A working proof-of-concept exploit for a new Linux kernel privilege escalation bug called PinTheft went public this week, adding another name to a growing list of kernel-level root escalations that have shaken the Linux security community throughout early 2026.
Discovered by Aaron Esau of the V12 security team, PinTheft allows a local attacker to gain root access by exploiting an RDS (Reliable Datagram Sockets) zerocopy double-free bug. A kernel patch is already available — V12 released their PoC only after confirming independent discovery by other teams and verifying the fix landed upstream.
What Makes This One Different
The bug itself lives in a corner of the kernel most people rarely think about: the RDS zerocopy send path, specifically in rds_message_zcopy_from_user(), which pins user memory pages into kernel space one at a time. If a later page triggers a fault, the error path drops the already-pinned pages — but later RDS message cleanup drops them a second time, because the scatterlist bookkeeping stays live even after the zcopy notifier is cleared. Each failed zerocopy send steals exactly one memory reference from the first page.
On its own, a reference count bug like this is difficult to turn into a useful primitive. PinTheft's real cleverness is what it does next.
To weaponize the reference count bug, the exploit leverages io_uring.
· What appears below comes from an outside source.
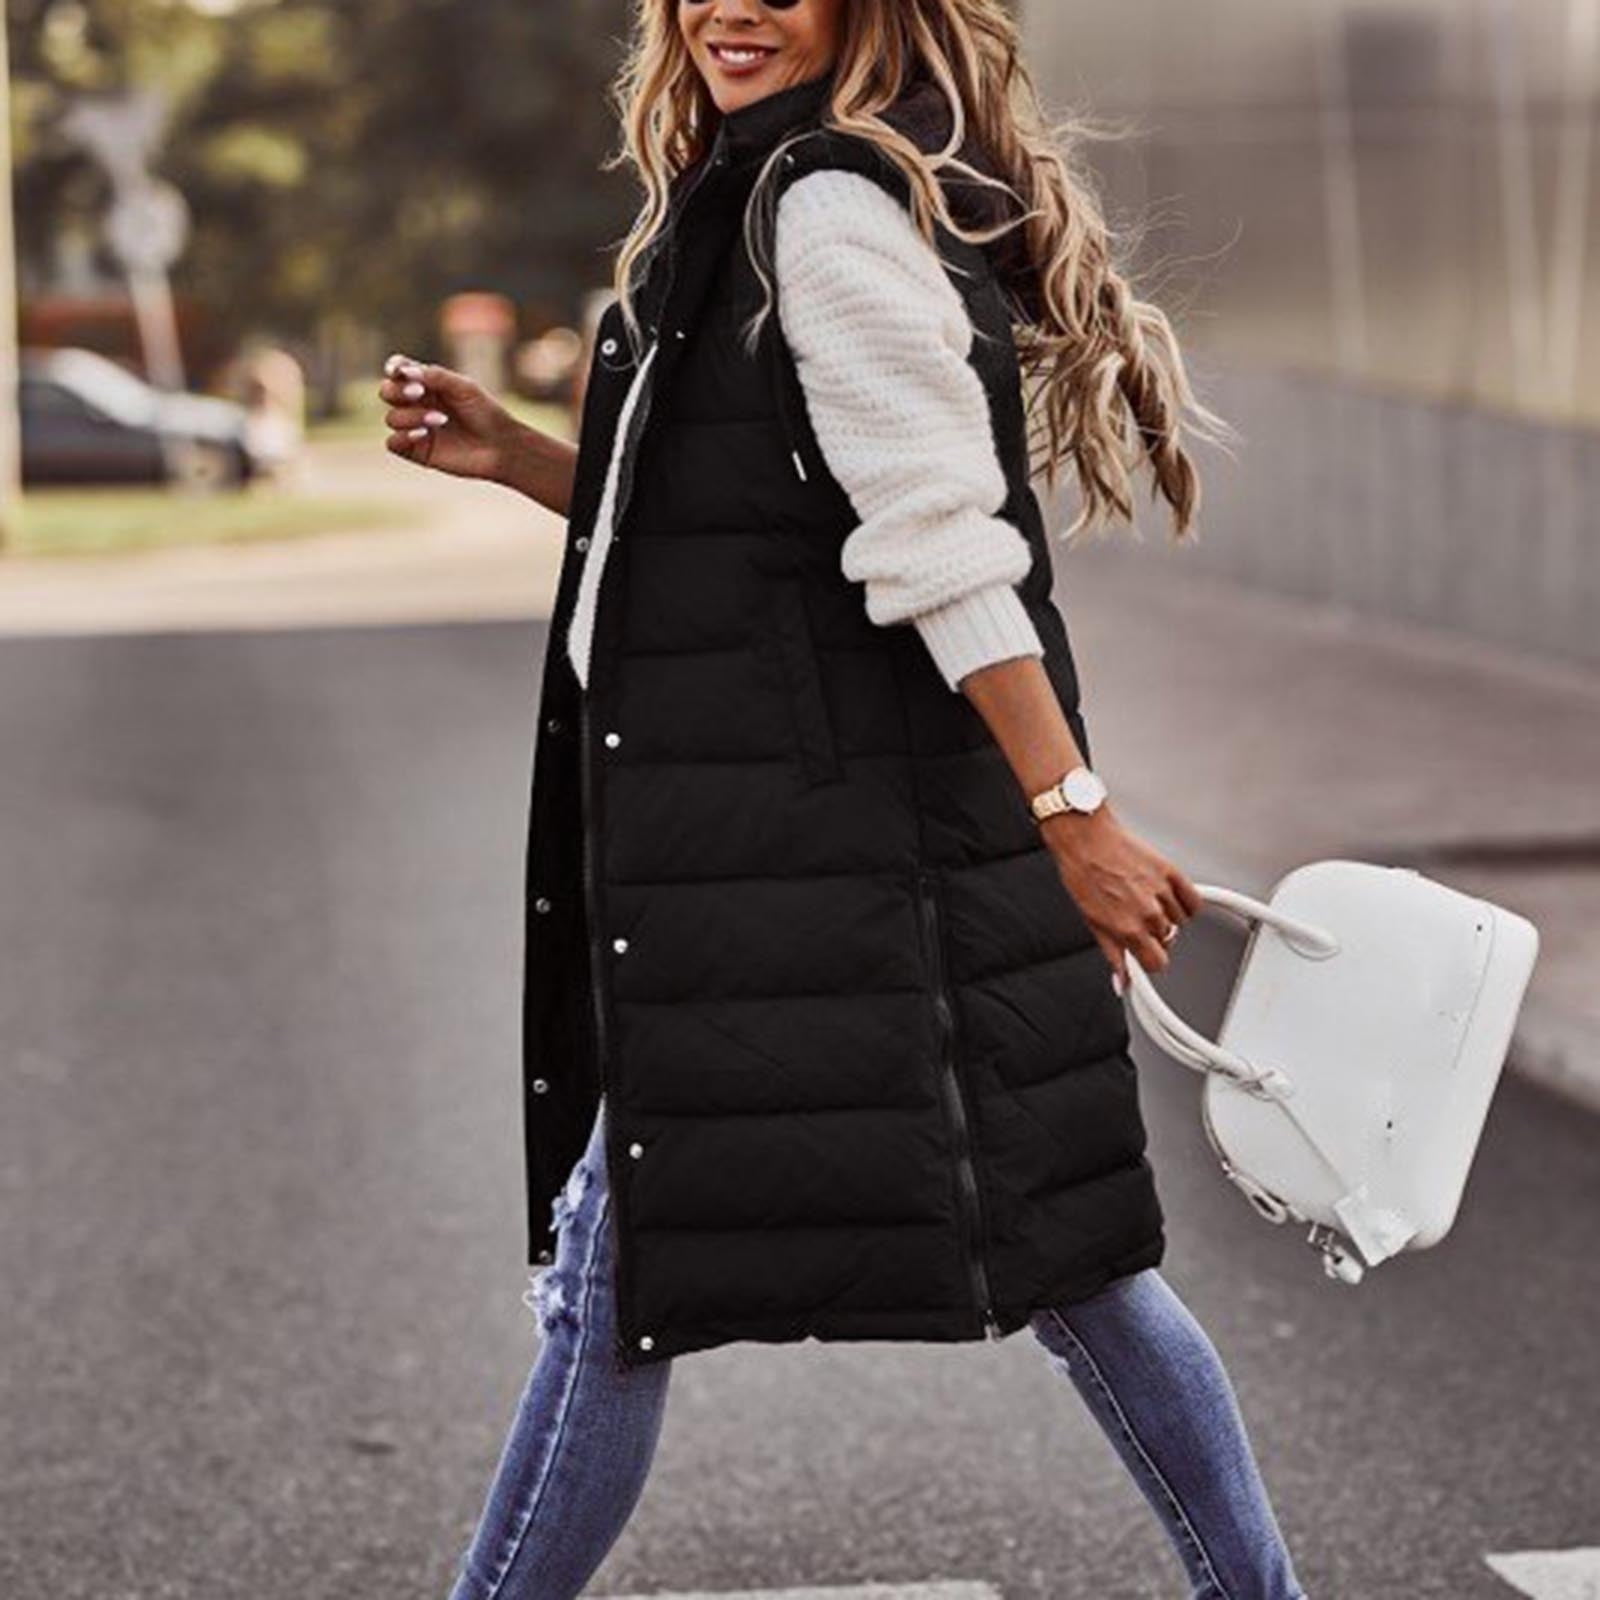 Womens Tops Women'S Long Winter Coat Vest With Hood Sleeveless Warm Down Coat With Pockets Quilted Vest Jacket Quilted Outdoor Jacket Black Dresses For Walmart.com

The attacker registers an anonymous memory page as an io_uring fixed buffer, assigning it a FOLL_PIN bias of 1024 references — then systematically drains those references through 1024 deliberately failing RDS sends, until io_uring is left holding a pointer to a page it no longer legitimately owns.
From there, the exploit evicts the target SUID binary's first page from cache, reclaims that same physical page, and uses io_uring's now-dangling buffer pointer to overwrite the page cache of a privileged binary — /usr/bin/su, passwd, or pkexec are preferred targets — with a small custom ELF payload. Run the binary, get a root shell.
Who's Actually at Risk
Beyond having the RDS module loaded, PinTheft also requires io_uring to be enabled, a readable SUID-root binary to be present, and an x86_64 system. The required RDS module is only default on Arch Linux among common distributions tested — other major distributions do not load it out of the box.
That limits the immediate blast radius. But the conditions aren't exotic on systems where administrators have enabled RDS for workloads that use it, or on containers and CI runners where kernel modules may be more permissive.
A Pattern That Isn't Slowing Down
PinTheft follows a wave of other Linux local privilege escalation vulnerabilities disclosed over the past several weeks — DirtyDecrypt, DirtyCBC, Dirty Frag, Fragnesia, and CopyFail — all belonging to the same broad vulnerability class of page-cache overwrite exploits. Threat actors have already begun actively exploiting CopyFail in the wild. Each new PoC in this series raises the question of how many similar bugs remain undiscovered in the kernel's networking and asynchronous I/O subsystems.
What to Do Now
The straightforward mitigation is to remove RDS entirely if nothing on your system actually needs it:
rmmod rds_tcp rds printf 'install rds /bin/false\ninstall rds_tcp /bin/false\n' > /etc/modprobe.d/pintheft.conf
Apply your distribution's kernel update as soon as it incorporates the upstream patch. If you're running Arch Linux, that should be your first call this week. For everyone else: check whether CONFIG_RDS is enabled in your running kernel before assuming you're clear.
The V12 team also warns that the exploit temporarily corrupts the target SUID binary's page cache in memory. Before running on any test system, the PoC backs up the target binary and prints a restore command — but don't skip the reboot on anything that matters.